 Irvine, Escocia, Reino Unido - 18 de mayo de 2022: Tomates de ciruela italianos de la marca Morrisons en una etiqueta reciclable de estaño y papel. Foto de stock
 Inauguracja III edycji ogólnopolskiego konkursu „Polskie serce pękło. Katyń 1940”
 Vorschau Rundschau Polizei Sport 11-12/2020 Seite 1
==
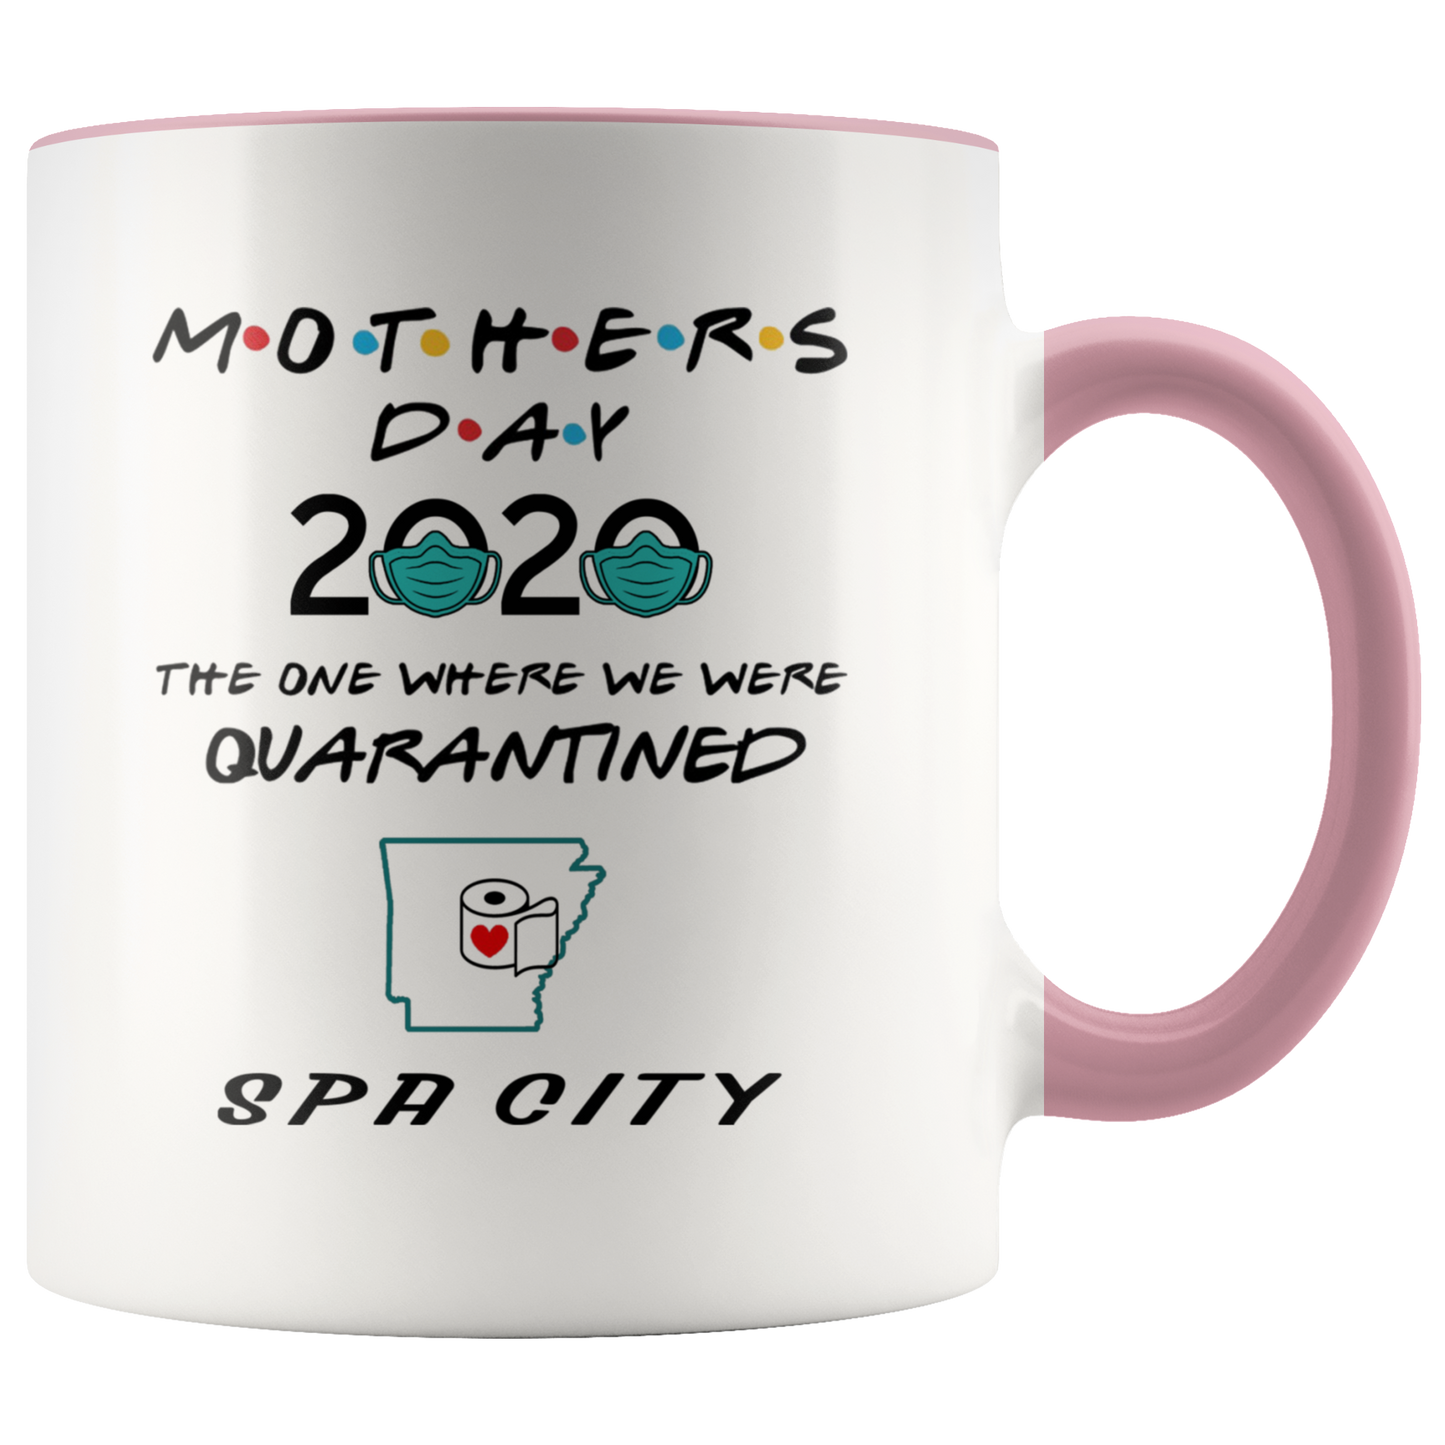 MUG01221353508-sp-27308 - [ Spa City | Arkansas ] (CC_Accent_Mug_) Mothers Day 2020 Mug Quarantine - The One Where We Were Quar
---
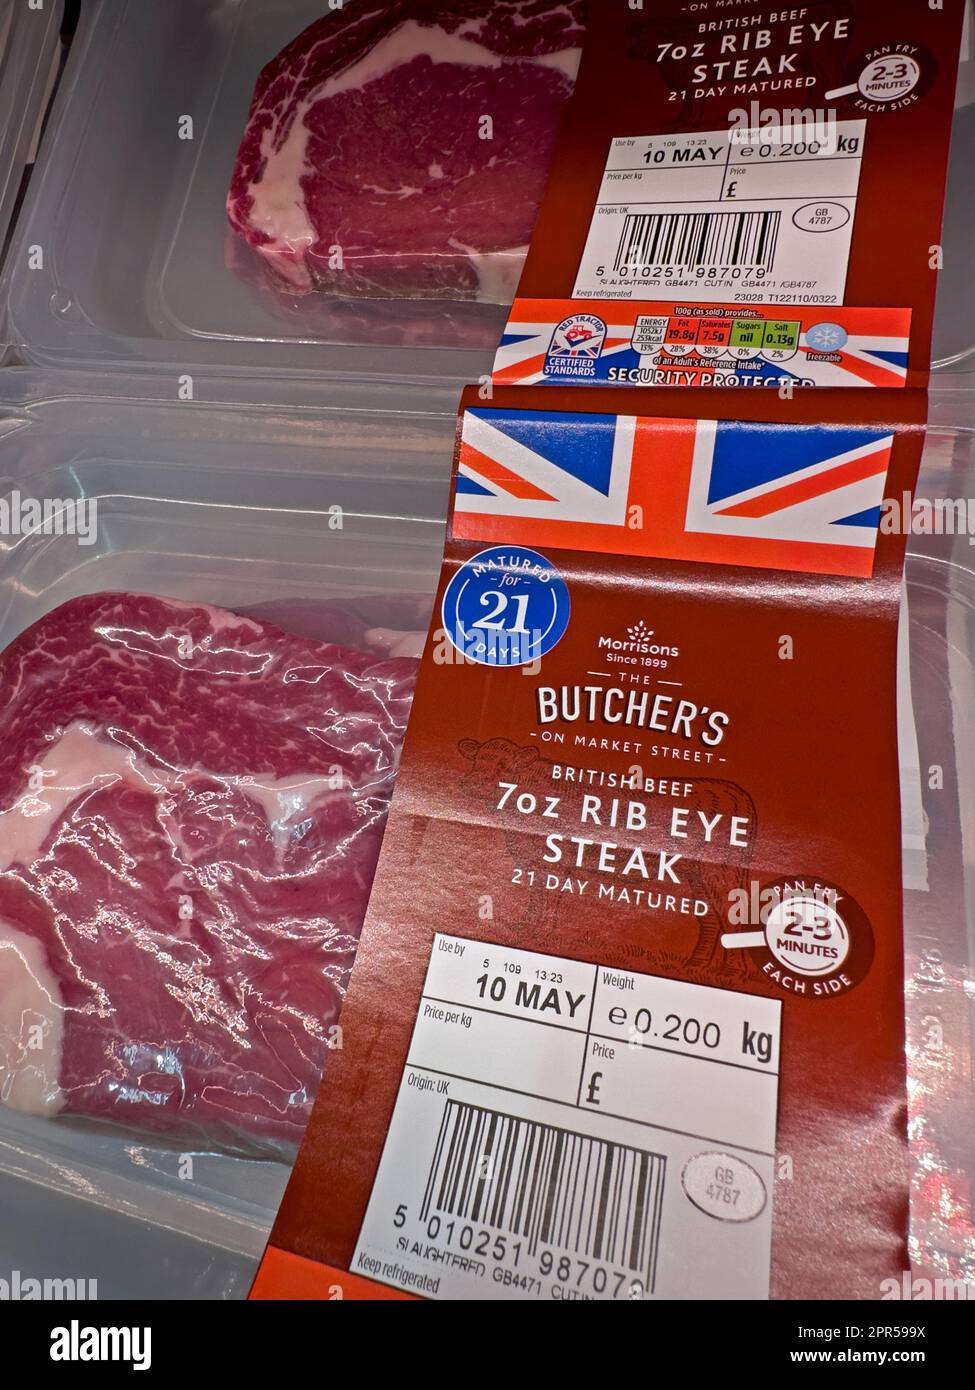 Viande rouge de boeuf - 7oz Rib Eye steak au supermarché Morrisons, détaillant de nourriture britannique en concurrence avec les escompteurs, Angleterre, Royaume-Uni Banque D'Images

● **WHAT IS NEEDED**
From the records above, transcribe exactly the run of lines that opens with the line holding "Irvine, Escocia, Reino" and closes with the line holding "Vorschau Rundschau Polizei", both included.

● **TASK SOLUTION**
 Irvine, Escocia, Reino Unido - 18 de mayo de 2022: Tomates de ciruela italianos de la marca Morrisons en una etiqueta reciclable de estaño y papel. Foto de stock
 Inauguracja III edycji ogólnopolskiego konkursu „Polskie serce pękło. Katyń 1940”
 Vorschau Rundschau Polizei Sport 11-12/2020 Seite 1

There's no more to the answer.